At first glance, sharing safe data with others seems a straightforward task: simply strip unique identifiers like names, tax identification numbers, and exact addresses before releasing data. However, these actions alone may not suffice when quasi-identifiers, such as demographic variables, employment/education histories, or establishment sizes, remain on the file. These quasi-identifiers can be used to match units in the released data to other databases.
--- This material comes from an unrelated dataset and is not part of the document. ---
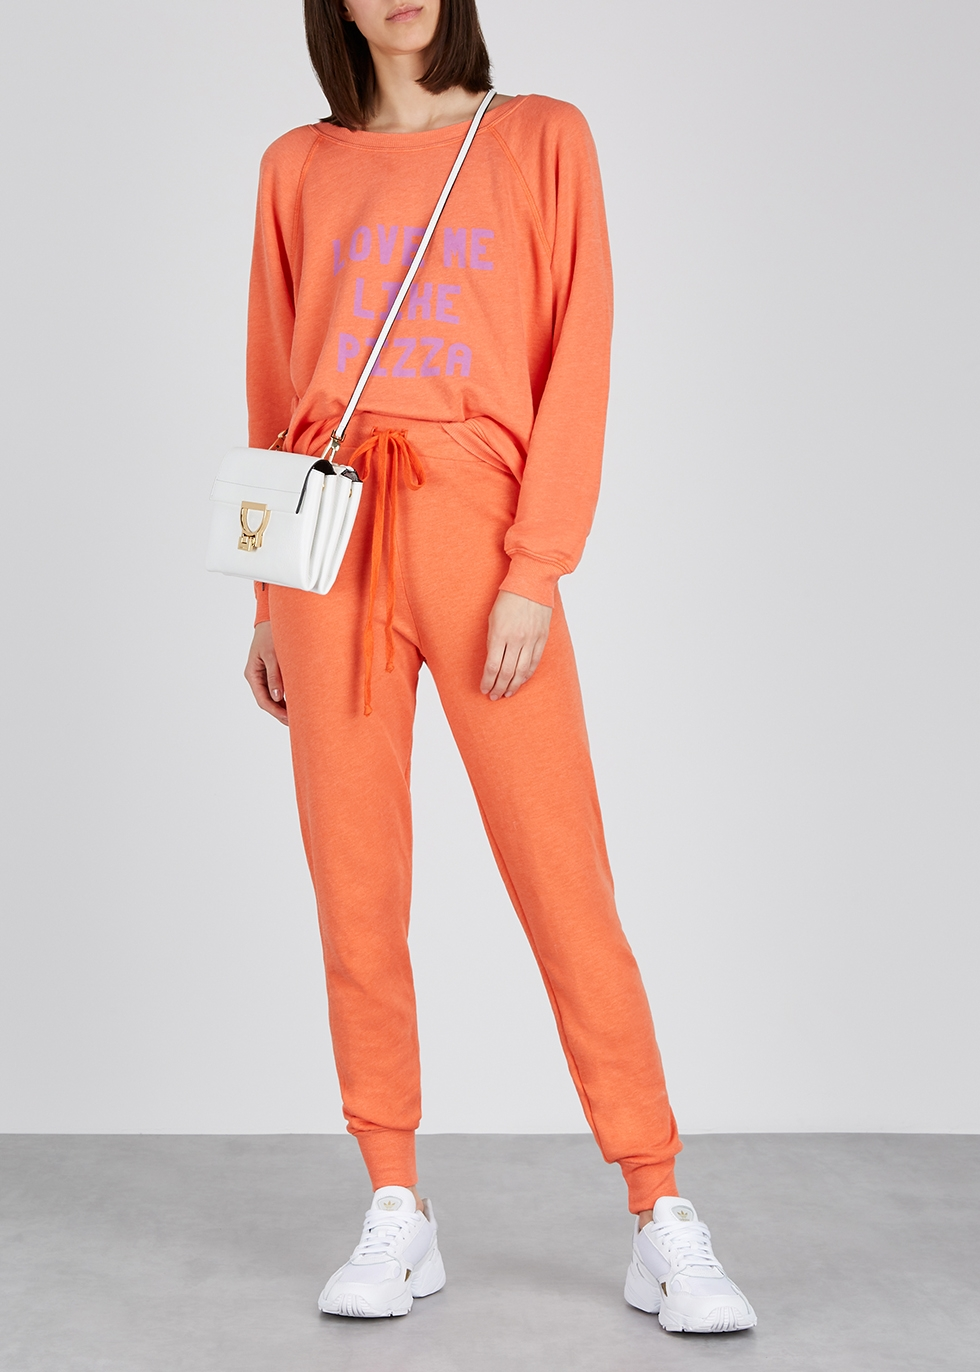 Sommers orange printed jersey sweatshirt - Wildfox

For example, \citet{sweeney:1997} showed that 97\% of the records in a medical database for Cambridge, MA, could be identified using only birth date and 9-digit ZIP code by linking them to a publicly available voter registration list.

Agencies therefore further limit what they release, typically by altering the collected data \citep{willenborg:waal:2001}. Common strategies include those listed below. Most public use data sets released by national statistical agencies have undergone at least one of these methods of statistical disclosure limitation.

Aggregation. Aggregation reduces disclosure risks by turning atypical records---which generally are most at risk---into typical records. For example, there may be only one person with a particular combination of demographic characteristics in a city, but many people with those characteristics in a state. Releasing data for this person with geography at the city level might have a high disclosure risk, whereas releasing the data at the state level might not. Unfortunately, aggregation makes analysis at finer levels difficult and often impossible, and it creates problems of ecological inferences.

Top coding. Agencies can report sensitive values exactly only when they are above or below certain thresholds, for example reporting all incomes above \$200,000 as "\$200,000 or more." Monetary variables and ages are frequently reported with top codes, and sometimes with bottom codes as well. Top or bottom coding by definition eliminates detailed inferences about the distribution beyond the thresholds. Chopping off tails also negatively impacts estimation of whole-data quantities.

Suppression. Agencies can delete sensitive values from the released data. They might suppress entire variables or just at-risk data values. Suppression of particular data values generally creates data that are not missing at random, which are difficult to analyze properly.

Data swapping. Agencies can swap data values for selected records---for example, switch values of age, race, and sex for at-risk records with those for other records---to discourage users from matching, since matches may be based on incorrect data \citep{dalenius}. Swapping is used extensively by government agencies. It is generally presumed that swapping fractions are low---agencies do not reveal the rates to the public---because swapping at high levels destroys relationships involving the swapped and unswapped variables.

Adding random noise. Agencies can protect numerical data by adding some randomly selected amount to the observed values, for example a random draw from a normal distribution with mean equal to zero \citep{fuller:1993}. This can reduce the possibilities of accurate matching on the perturbed data and distort the values of sensitive variables. The degree of confidentiality protection depends on the nature of the noise distribution; for example, using a large variance provides greater protection. However, adding noise with large variance introduces measurement error that stretches marginal distributions and attenuates regression coefficients \citep{winkler:2003}.

Synthetic data. The basic idea of synthetic data is to replace original data values at high risk of disclosure with values simulated from probability distributions \citep{rubin:1993}. These distributions are specified to reproduce as many of the relationships in the original data as possible. Synthetic data approaches come in two flavors: partial and full synthesis \citep{reiter:raghu:07}. Partially synthetic data comprise the units originally surveyed with some subset of collected values replaced with simulated values. For example, the agency might simulate sensitive or identifying variables for units in the sample with rare combinations of demographic characteristics; or, the agency might replace all data for selected sensitive variables. Fully synthetic data comprise an entirely simulated data set; the originally sampled units are not on the file. In both types, the agency generates and releases multiple versions of the data (as in multiple imputation for missing data). Synthetic data can provide valid inferences for analyses that are in accord with the synthesis models, but they may not give good results for other analyses.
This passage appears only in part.